Erasmus of Strasbourg, Erasmus of Limbourg or Erasme Schenk von Limpurg-Gaildorf (7 August 1507 - 27 November 1568) was a Roman Catholic bishop.

As with his predecessor Wilhelm von Hohnstein, Erasmus had the misfortune to be elected during a politically and religiously tumultuous era that saw a schism between the free imperial city of Strasbourg and the episcopal principality of Strasbourg, with the former becoming a bastion of Protestantism and a refuge for Protestant refugees from the rest of Europe and the latter trying to check the inexorable progress of Lutheranism among canons in Strasbourg's different chapters.

As with other prince-bishops in dynamic cities developing economically and culturally, Erasmus surrounded himself with advisors from the mercantile and bourgeois class rather than lawyers, doctors, intellectuals and ecclesiastics in order to counterbalance the Protestant urban mercantile and bourgeois class, favouring teaching, humanism and the arts. These advisors were omnipresent in current affairs and diplomatic circles and at their head was chancellor Christophe Welsinger. Erasmus was a peaceful man and friend of the sciences, but left the bishopric's government to his many advisors, particularly Welsinger, which (according to Johannes Friese's account in an 18th century children's history book on Strasbourg) did not benefit the city.

== Life ==
===Early life===
He was born in Gaildorf and as a youth studied maths at the University of Tübingen under Jean Stoller before switching to law under professors Conrad Braun and Jean Marquard Next he moved to Paris to be taught law by Johannes Sturm. (Note: Erasmus met Sturm again during the former's time as bishop when Jacob Sturm von Sturmeck asked Johannes to come to teach dialectics and rhetoric. There he founded the Protestant Gymnasium, the forerunner of the Protestant Academy of 1566, which in turn became the University of Strasbourg in 1621. Previously the inhabitants of Alsace had to study at Tübingen, other German universities such as those in Göttingen, Fribourg and Heidelberg), or in Switzerland, France or Italy (specifically Basel, Bologna, Padua or Paris).) In 1541, therefore, he had already gained a reputation for his quick wit and love of learning. He served as a canon in Strasbourg and at the collegiate church in Bamberg, then provost of the collegiate church at Surbourg - none of these roles required the holder to be a priest.

===Election===
He was elected bishop of Strasbourg on 11 August 1541 and that election was confirmed by pope Paul III on 9 December the same year. He was not then a priest and so initially he was helped by a titular bishop Jean Delphius, bishop of Tripoli. He was ordained priest in Saverne in 1549. He remained bishop until his death, during the reigns of Charles V, Ferdinand I and Maximilian II and the pontificates from Paul III to Pius V. As prince-bishop of Strasbourg he was also Landgrave of Lower Alsace.

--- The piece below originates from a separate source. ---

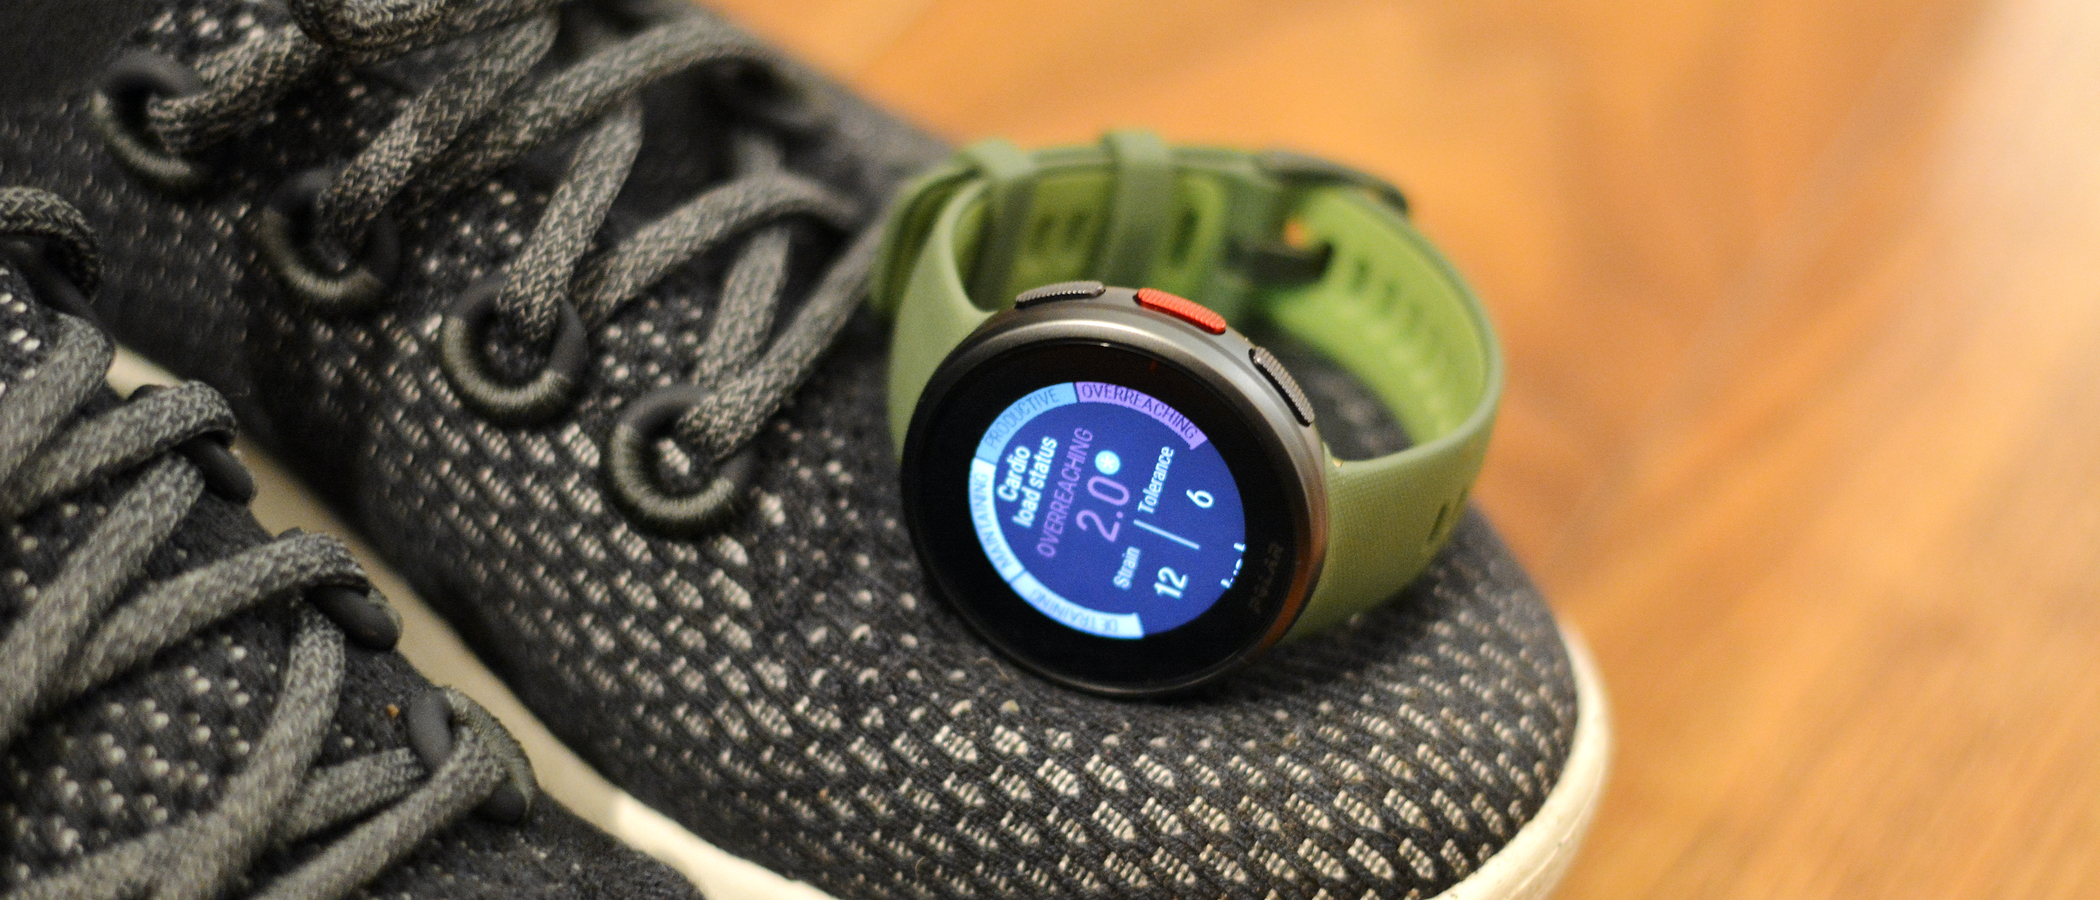 Polar Vantage V2 GPS Watch Review - Believe in the Run

===Relations with Protestants===
The day after Erasmus' election as bishop, Martin Bucer wrote to his friend Ambrosius Blarer that "The man elected is one of integrity and he loves our religion. Nobody more tolerant could have been chosen from the whole chapter. The Lord gives him [to us] in response to our expectation.". More and more meetings between Protestants and Catholics were happening at this time, such as the 1540 Haguenau conference, the 1540-1541 Worms colloquium and the 1541 Diet of Regensburg. The general situation seemed to favour opening up dialogue at the local level between the Bishop of Strasbourg and Protestant reformers in that city and so they met at Molsheim on 18 October 1542. Bucer and Caspar Hedio represented the pastors, Pierre Sturtri, Matthis Pfarrer and Martin Herlin were the delegates sent by Strasbourg's Magistracy, and the cathedral's main chapter sent its dean Christophe von Simmern, count Bernard von Eberstein and his lawyer Tuchelin.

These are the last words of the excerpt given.